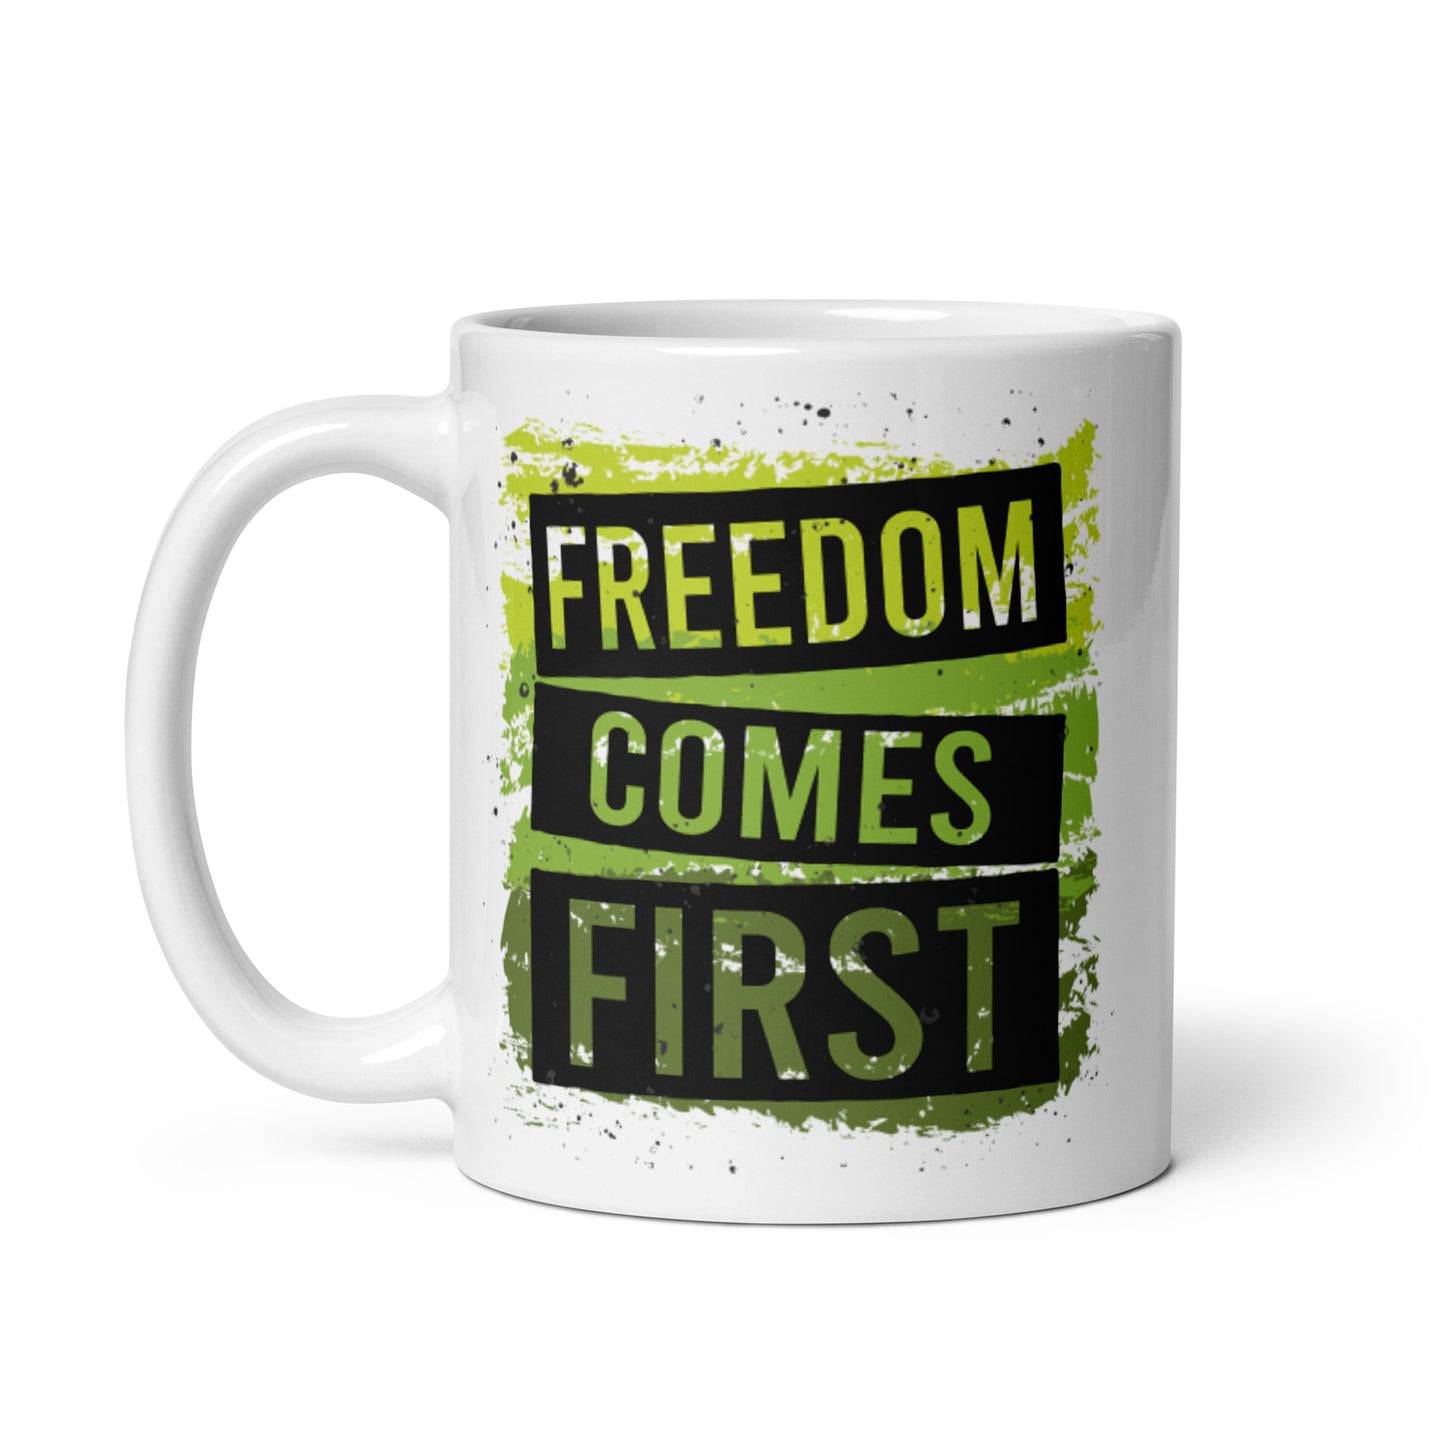 Freedom Comes First mug
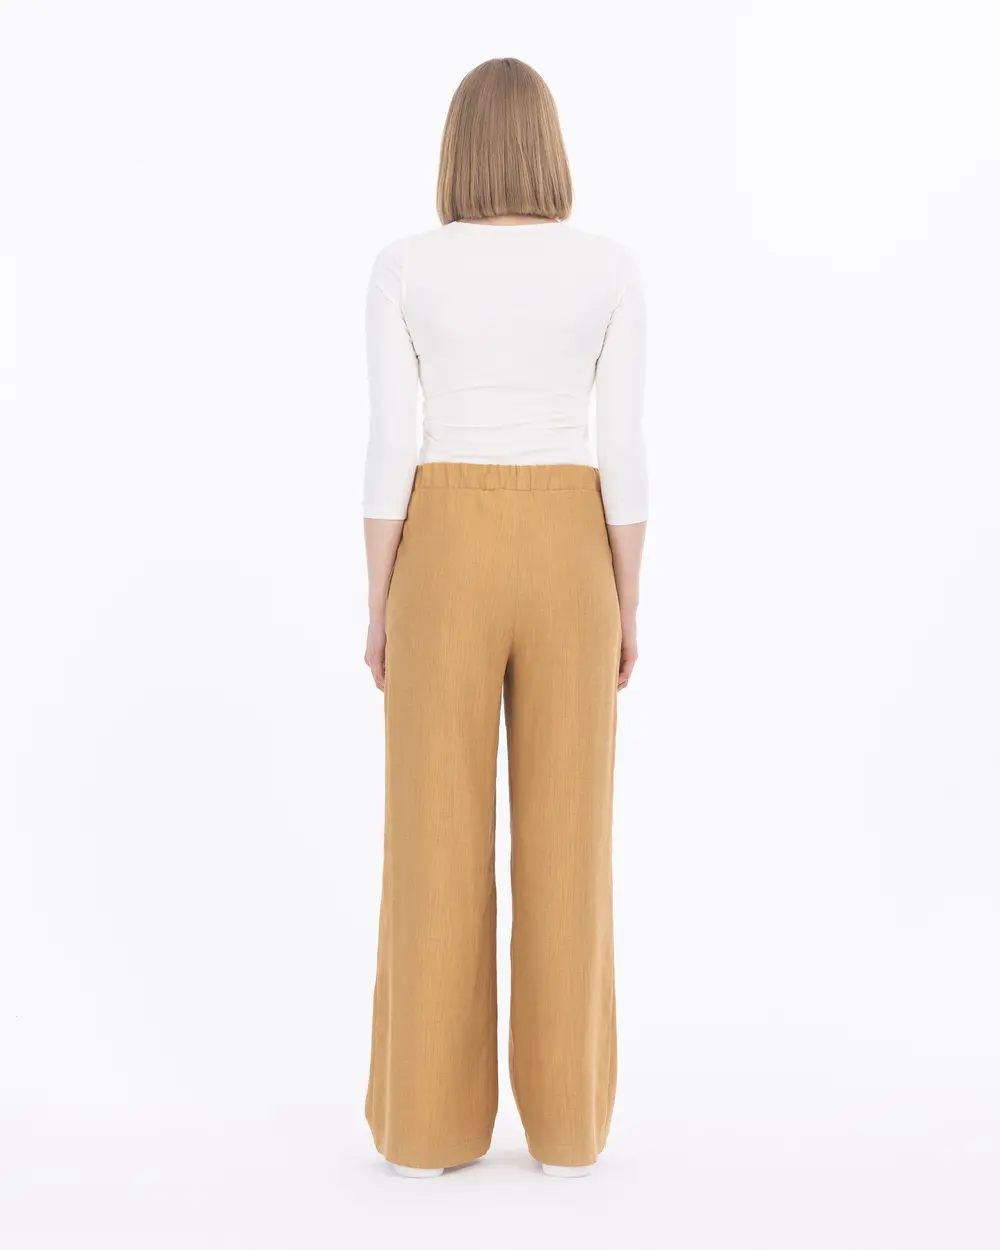 Wide Cut Elastic Waist Full Length Trousers
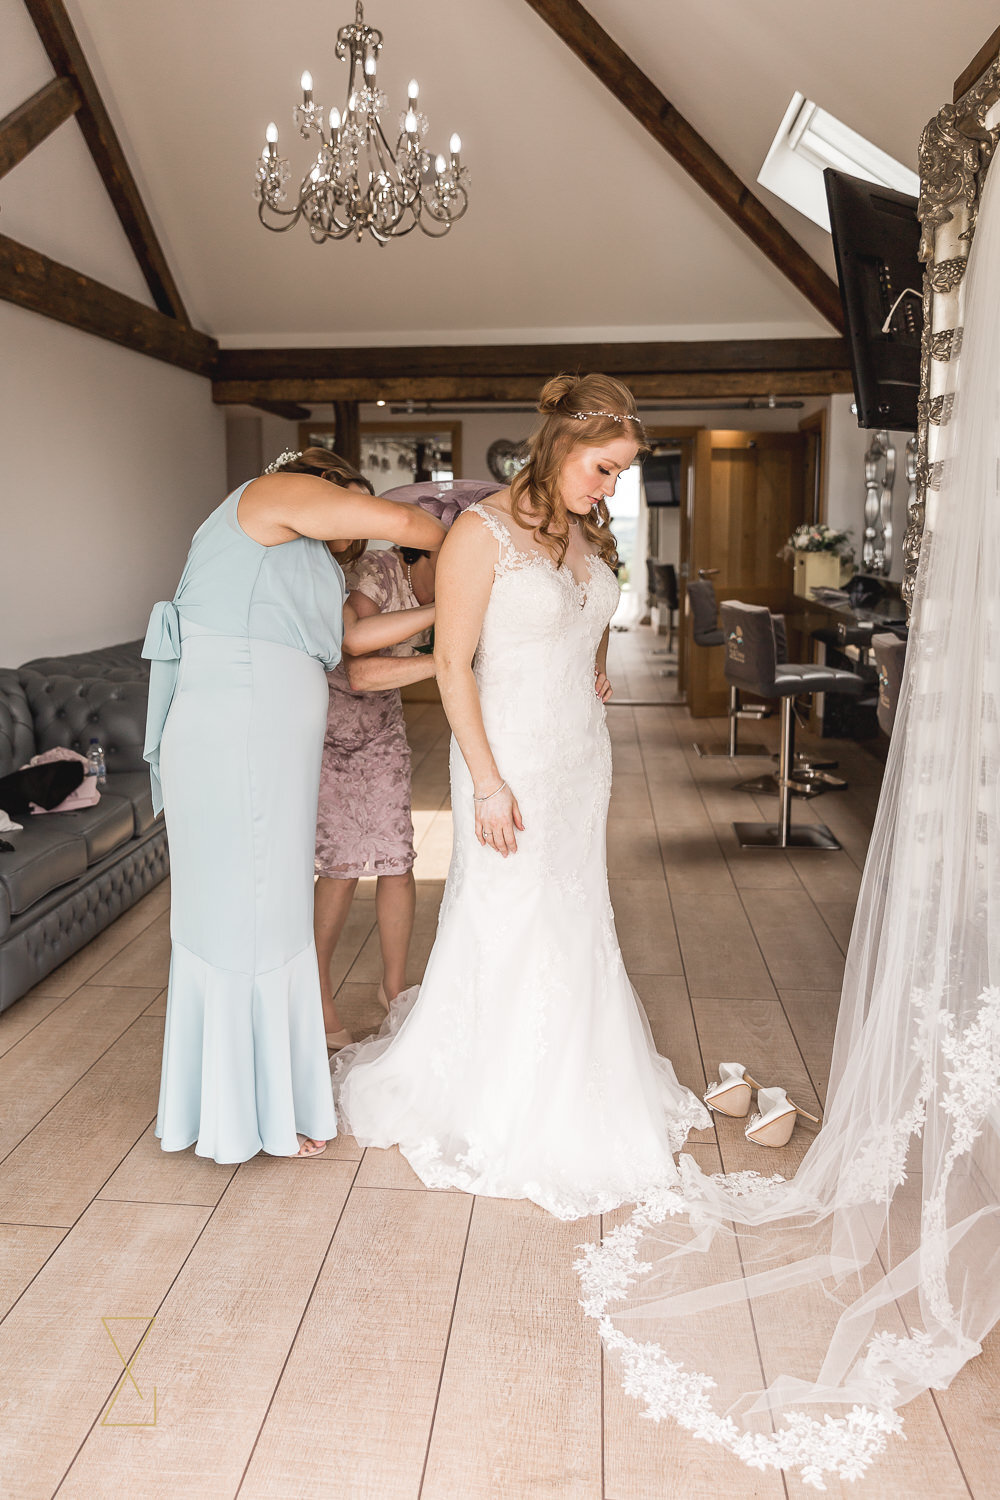 Bride-getting-into-wedding-dress-Cheshire-wedding
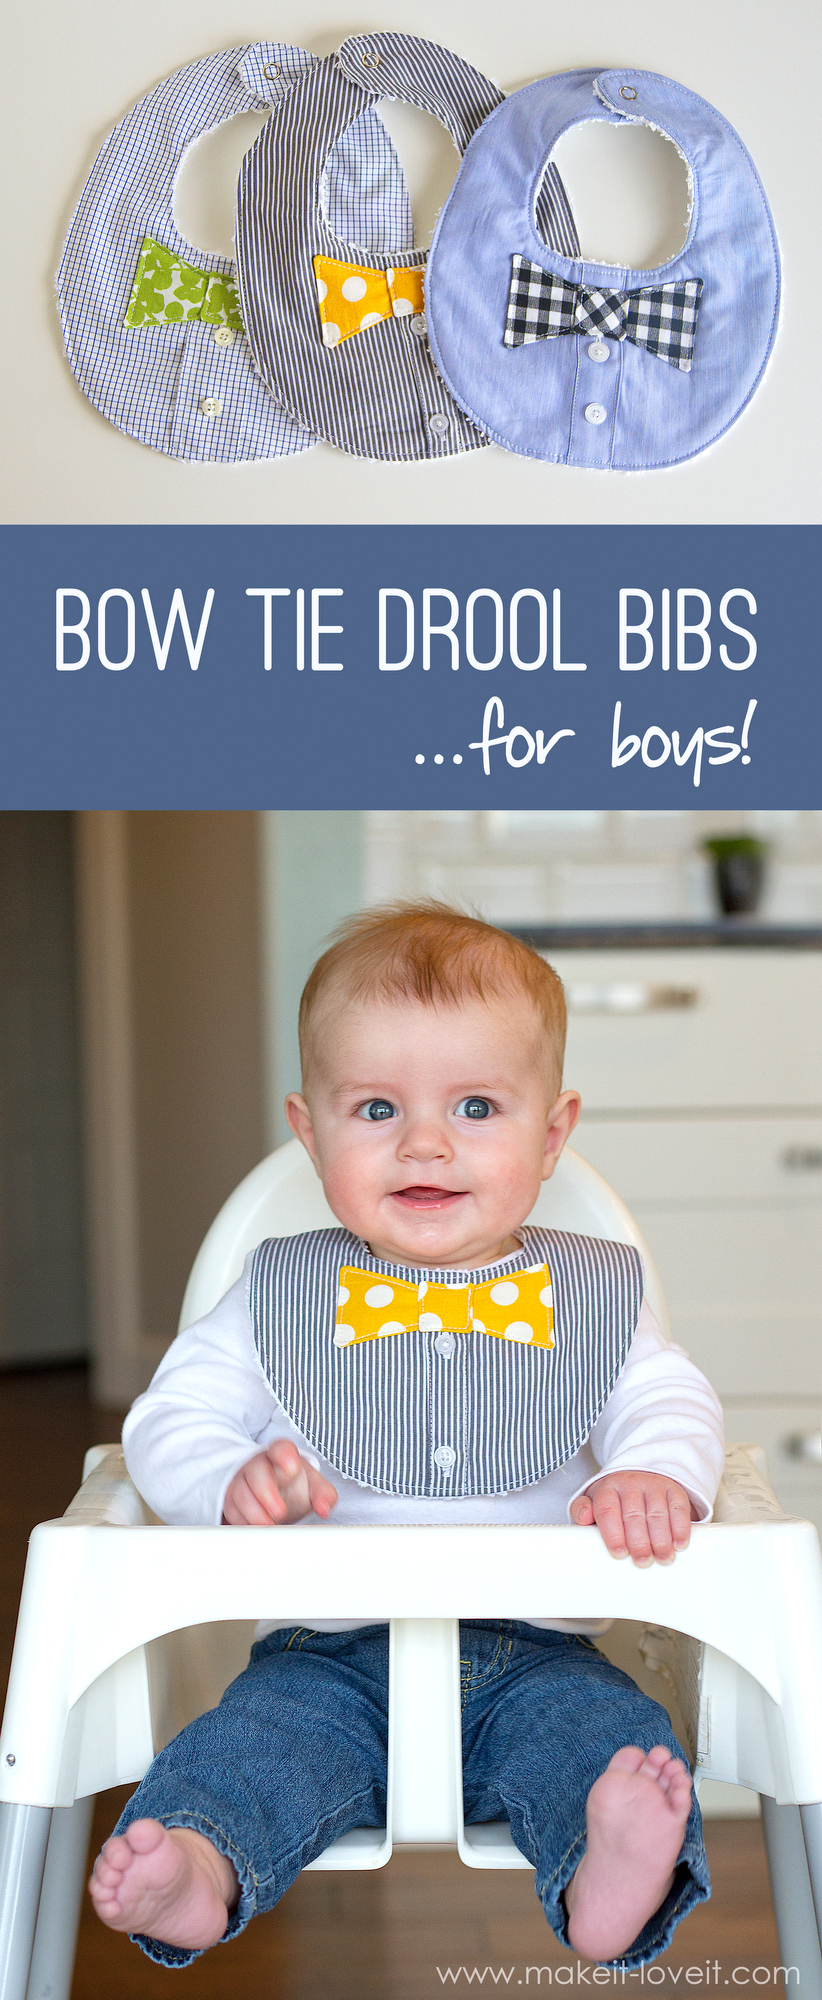 Bow tie bib tutorial
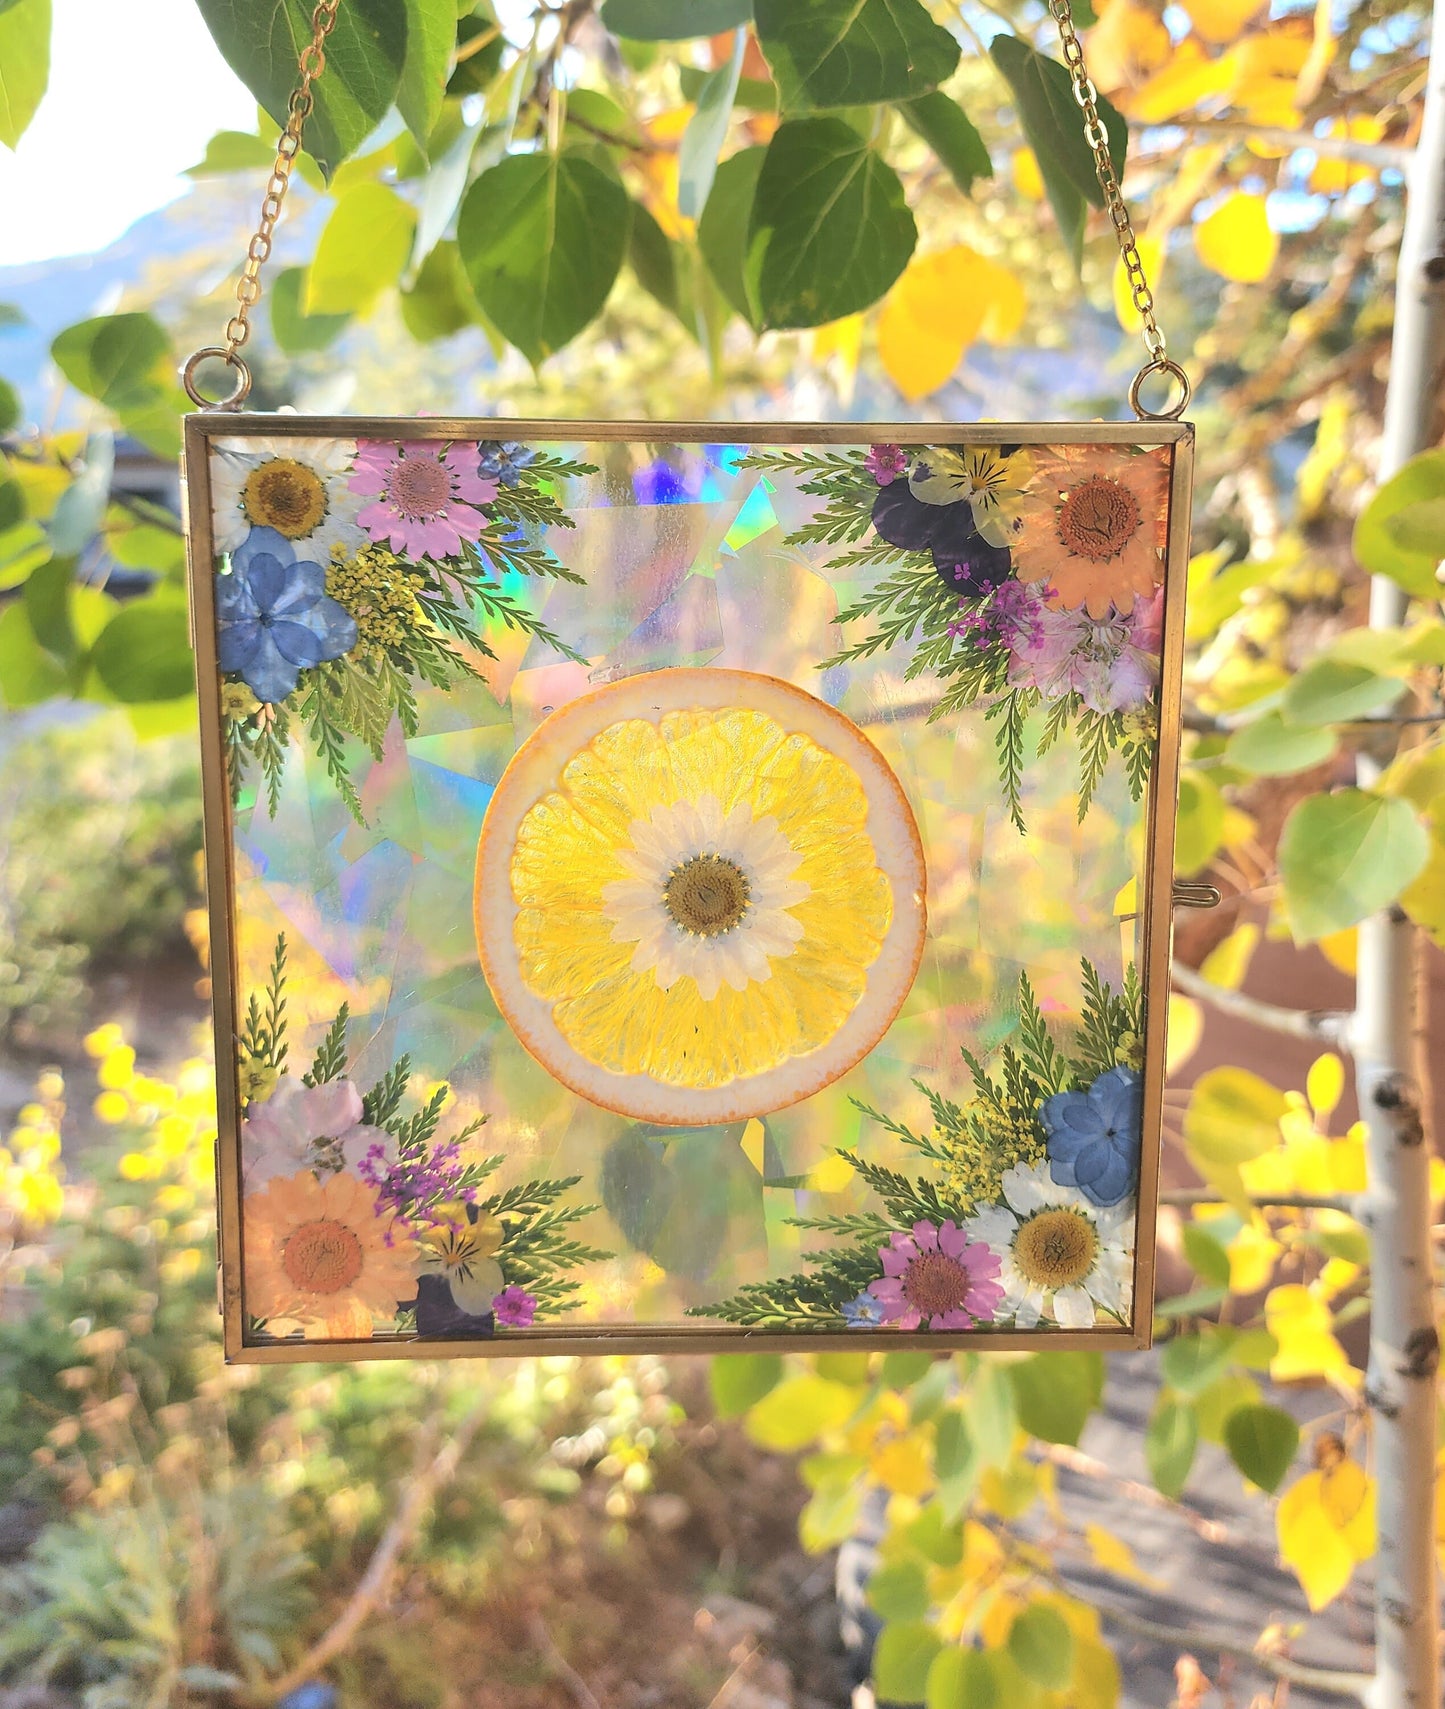 A Fruitful Tapestry - Fractal Floral Suncatcher

_ _ _ _

- TASK OBJECTIVE -
I'd like the material repeated word for word, without the pictures it holds.

- TASK ANSWER -
 Freedom Comes First mug
 Wide Cut Elastic Waist Full Length Trousers
 Bride-getting-into-wedding-dress-Cheshire-wedding
 Bow tie bib tutorial
 A Fruitful Tapestry - Fractal Floral Suncatcher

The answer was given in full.